The program can not only find single common endings, but also subtrees including multiple endings. On the figure above, there is a subtree including -ing, -s, and a zero-length suffix.

The found subtree may be a part of another subtree. Given the words lock, locking, head, heads, headed, heading, and news, the program can compress TST to the following DAG (roots are shown as a single node to save space):

Subtree may be a part of another subtree

As mentioned above, each level of the TST is a BST. A word list is usually sorted alphabetically, so the BSTs are unbalanced. You can use a usual balancing algorithm to fix this.

The attached program (create_dictionary.c) implements these techniques.


Searching in a ternary DAG is not different from searching in a TST. You can use the recursive algorithm by Sedgewick and Bentley for exact matching.
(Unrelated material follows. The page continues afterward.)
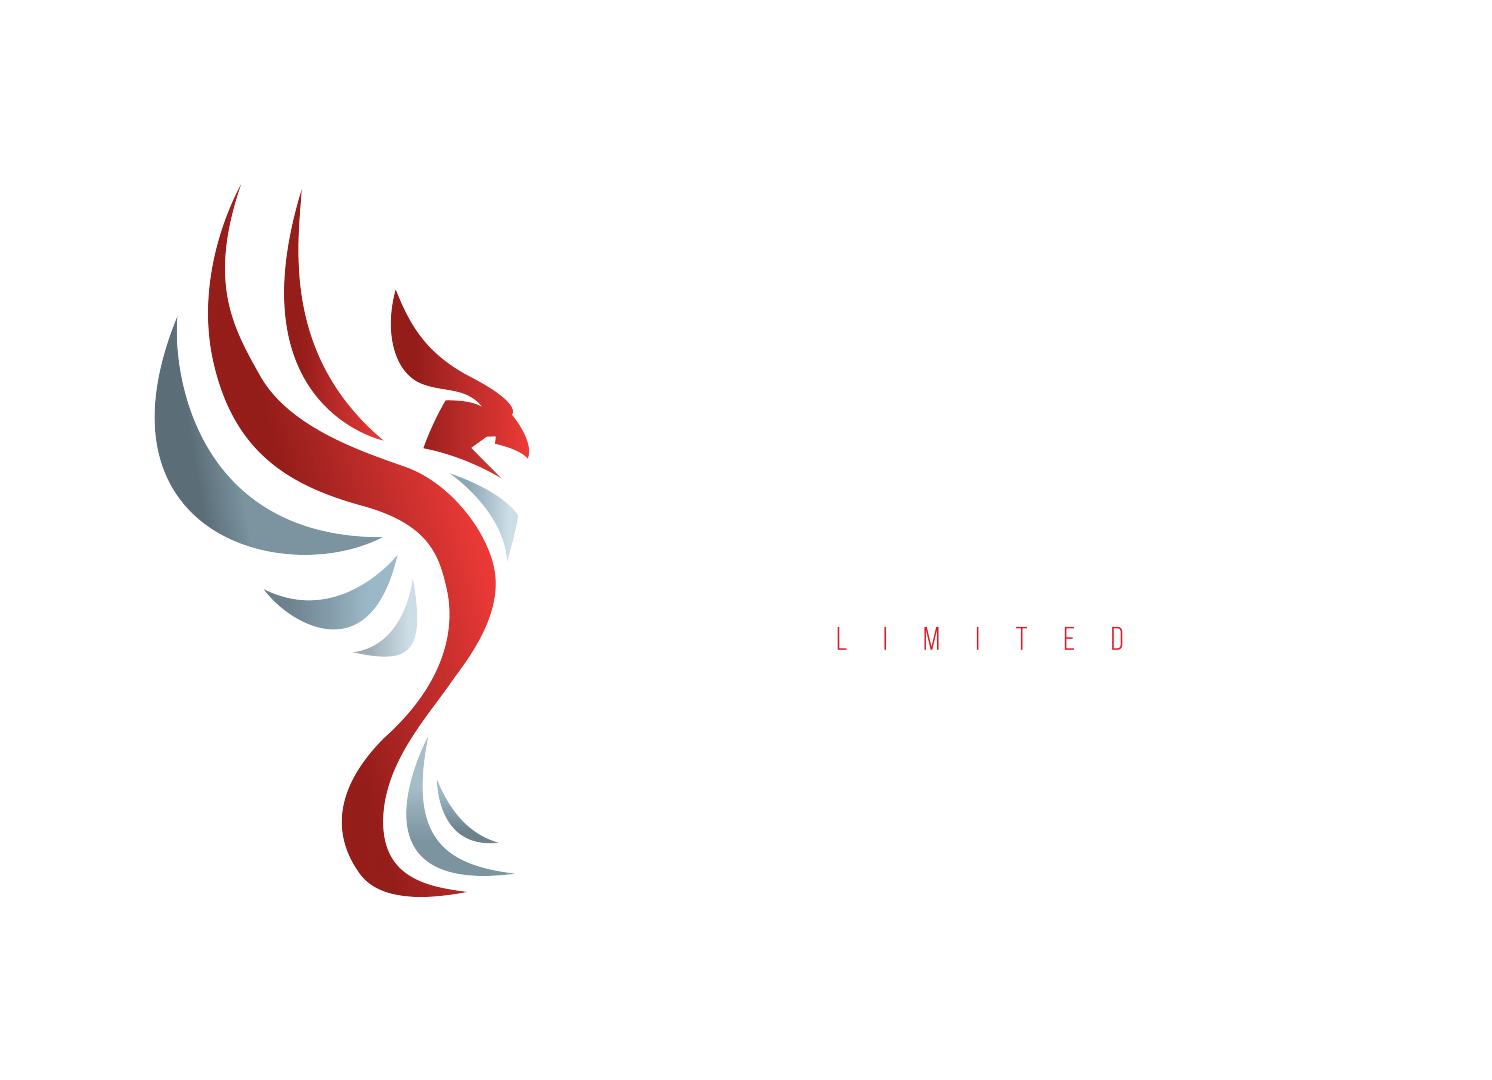 March-elevator-logo

A fuzzy matching algorithm for DAG examines adjacent nodes to find a spelling suggestion. Common error patterns (inserting a letter, deleting a letter, etc.) can be expressed elegantly using recursion:

// Correct double letters (including multiple errors in one word, e.g. Misisipi)
static void match_doubles(ST_FILE_NODE* node, const char* word, char* result) {
    while(node != NULL) {
        if(*word < node->ch)
            node = node->left;
        else if(*word > node->ch)
            node = node->right;
        else {
            *result = *word;
            if(*result == '\0') {
                // Found the word
            if(*(word + 1) == *word) {
                // When found two equal letters, try to find a single letter
                match_doubles(node->middle, word + 2, result + 1);
            } else {
                // Otherwise, try to find two equal letters here
                match_doubles(node->middle, word, result + 1);
            // Also find the exact match
            node = node->middle;

The attached spelling corrector (spellchecker.c) handles a single missing letter, an extra letter, a wrong letter, transposed letters, and a missing space.

Performance Comparison

The attached benchmark contains a hash table spelling corrector (benchmark.c), which is similar to the one found in Ispell. It generates all possible variants of the misspelled word, and tries to find them in the hash table.

The tests were run on a Pentium M processor; execution time was measured in ticks using the RDTSC instruction. The dictionary was the medium-sized word list from SCOWL (100,000 English words).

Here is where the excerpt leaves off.